◆ Directions for this task ◆
Everything from the line that holds "Baby-Symbol-Pinsel-Pack - Kostenlose" through the end of the listing below must be retyped word for word, without any pictures.

◆ Records shown ◆

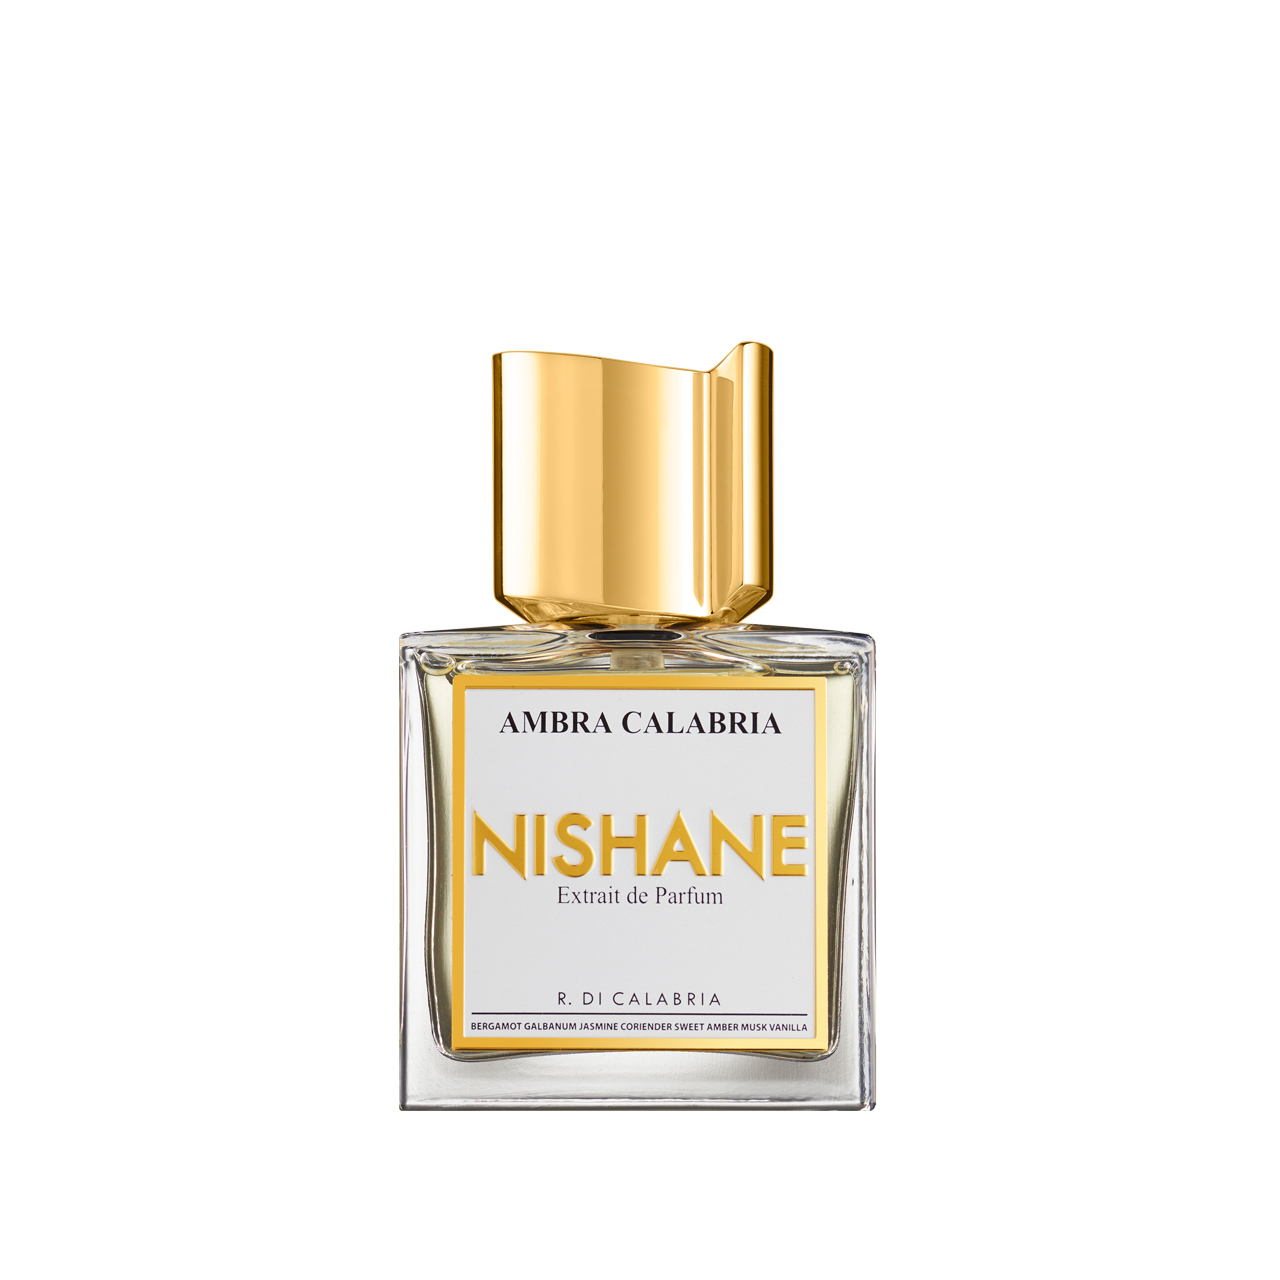 Ambra Calabria - Extrait de Parfum
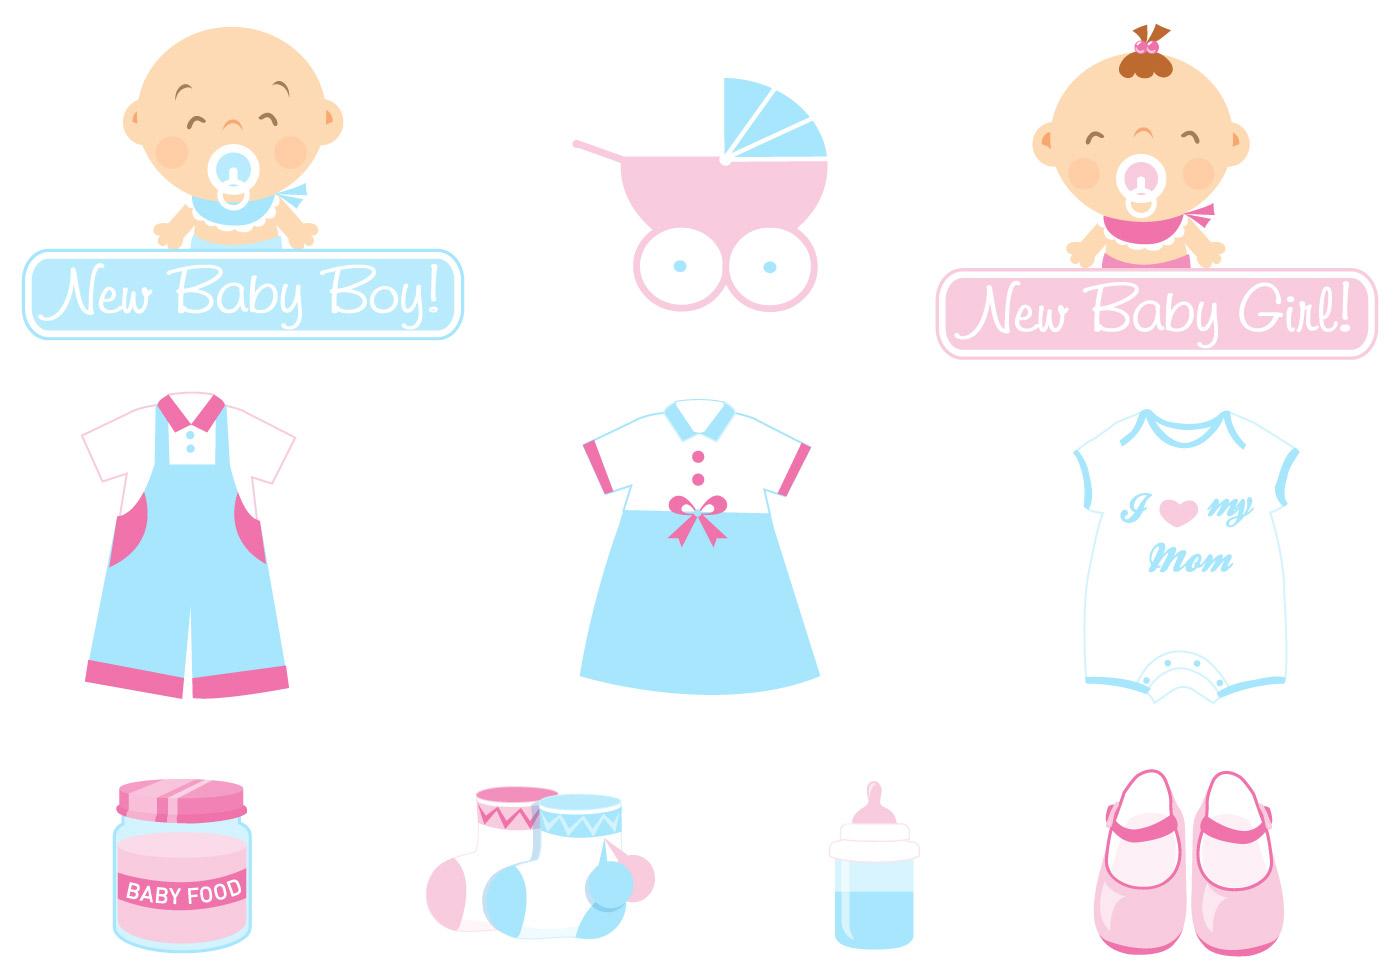 Baby-Symbol-Pinsel-Pack - Kostenlose Photoshop-Pinsel bei Brusheezy!
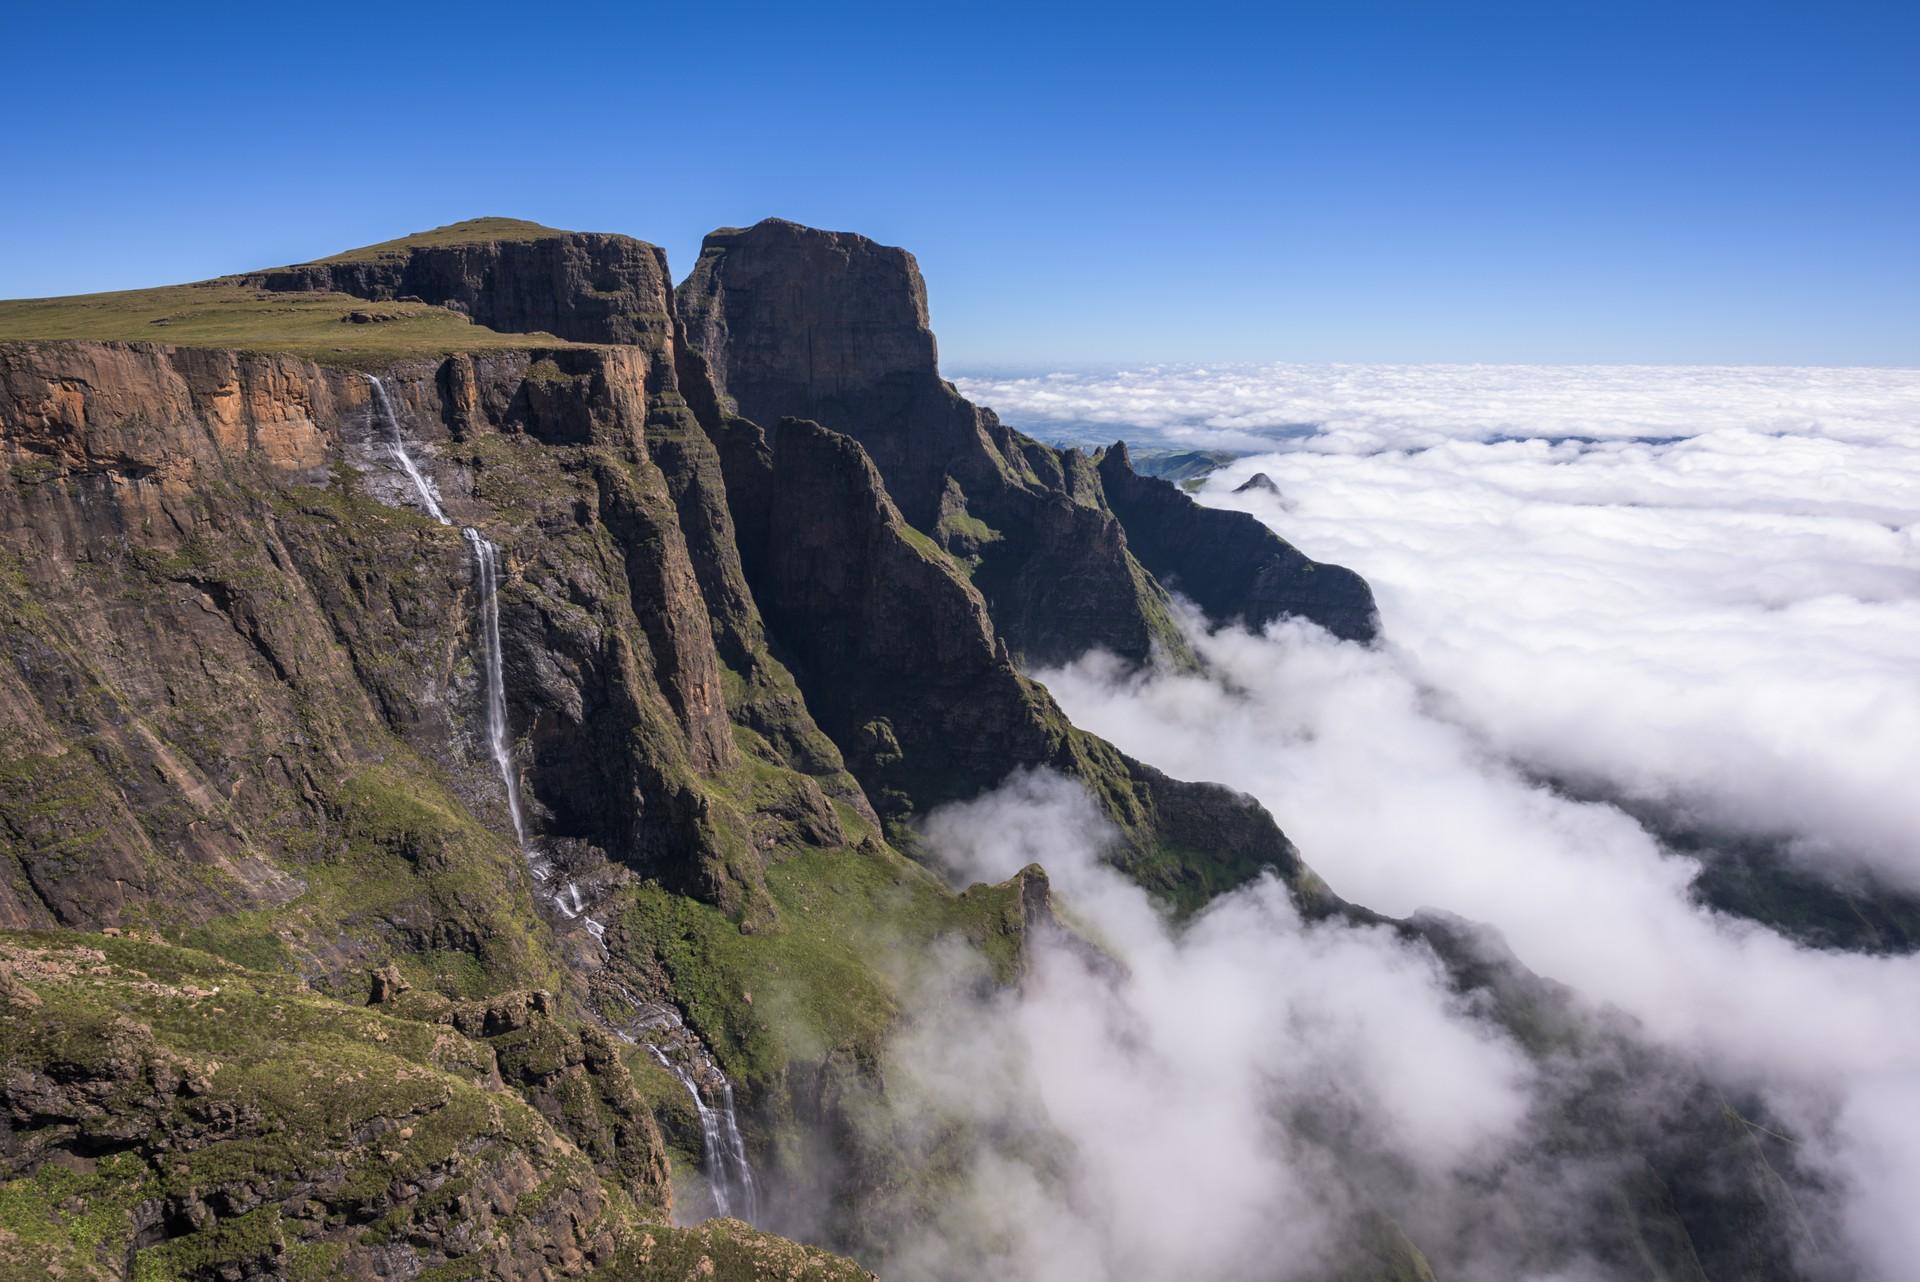 Tugela Falls in Drakensberg, South Africa
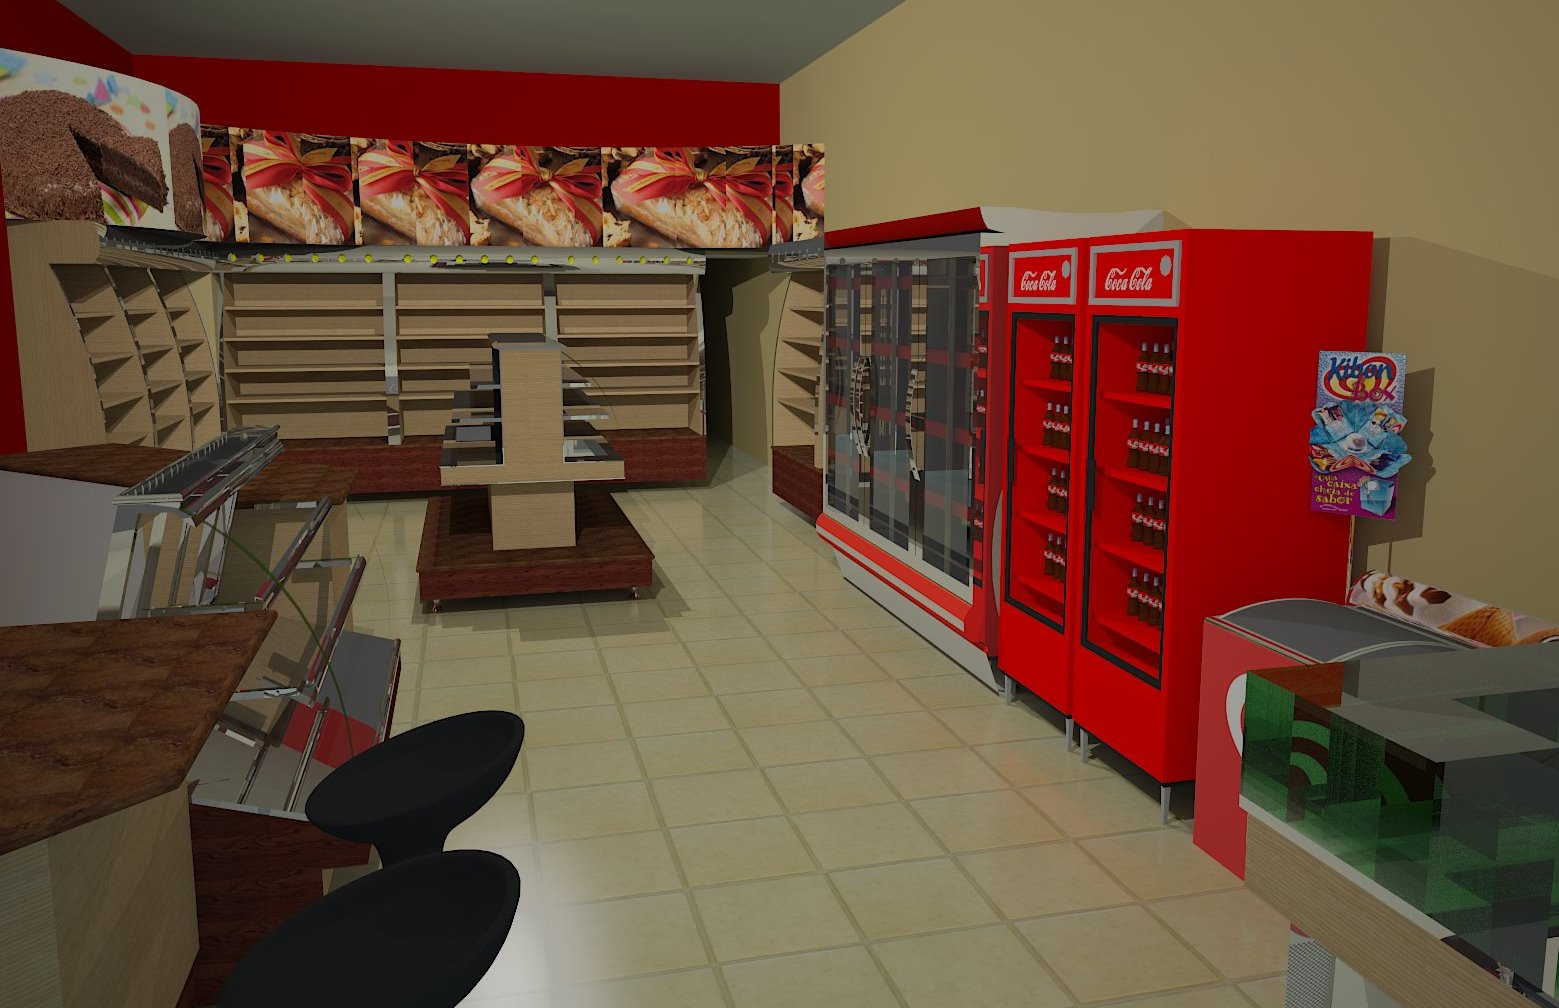 #B30A09 us Arquitetura: Padaria Teófilo Otoni 1559x1008 px Projetos Cozinhas Industriais #73 imagens
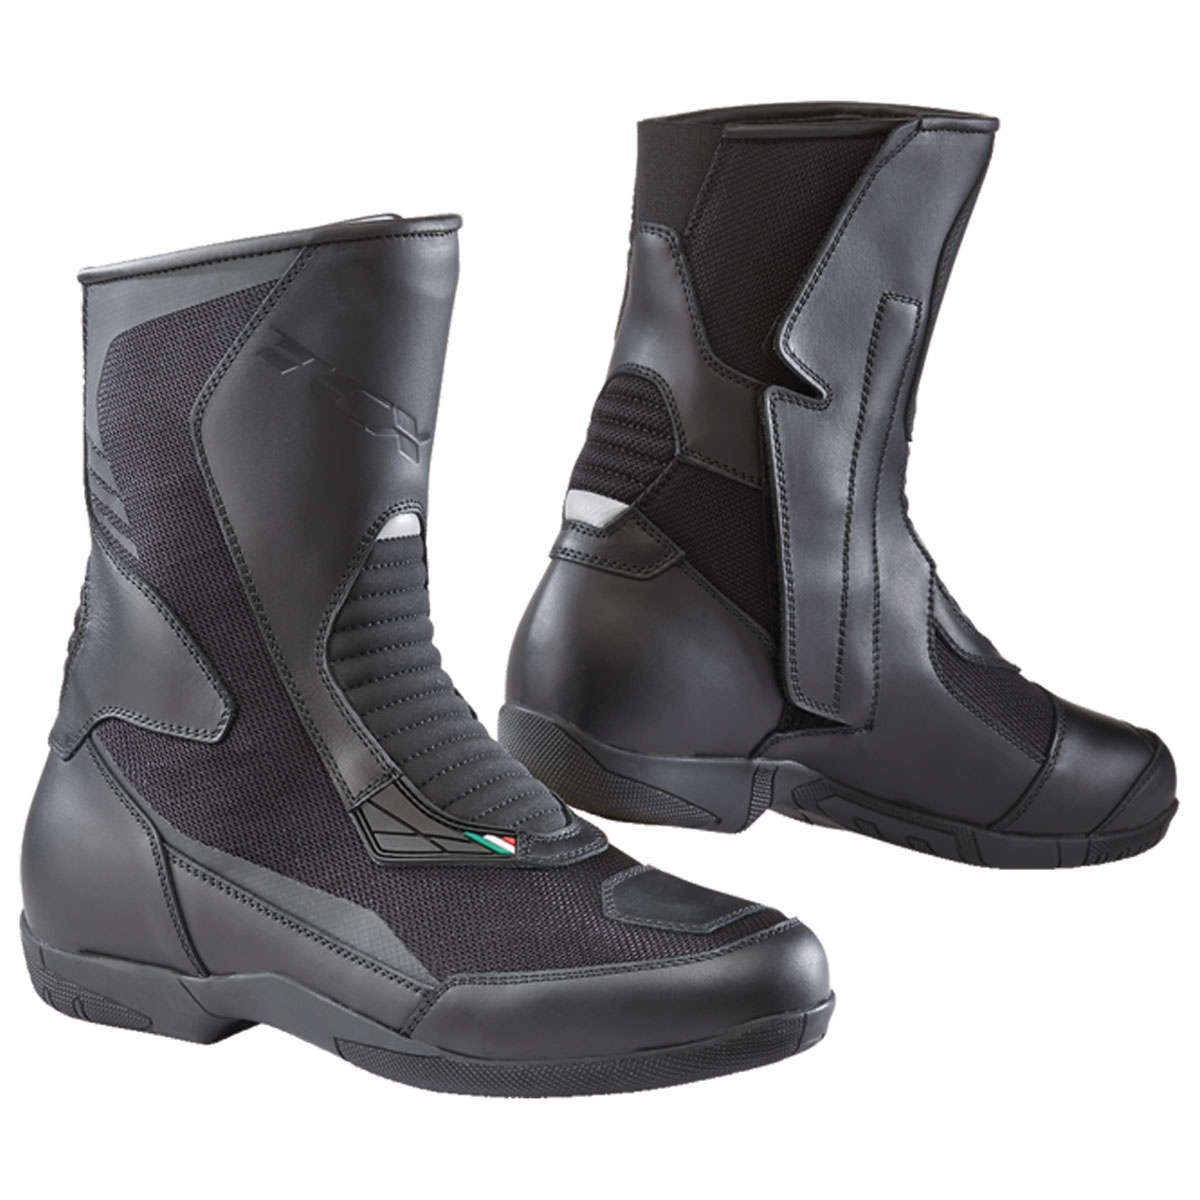 TCX Men's Zephyr Flow Black Boots

◆ Task solution ◆
 Baby-Symbol-Pinsel-Pack - Kostenlose Photoshop-Pinsel bei Brusheezy!
 Tugela Falls in Drakensberg, South Africa
 #B30A09 us Arquitetura: Padaria Teófilo Otoni 1559x1008 px Projetos Cozinhas Industriais #73 imagens
 TCX Men's Zephyr Flow Black Boots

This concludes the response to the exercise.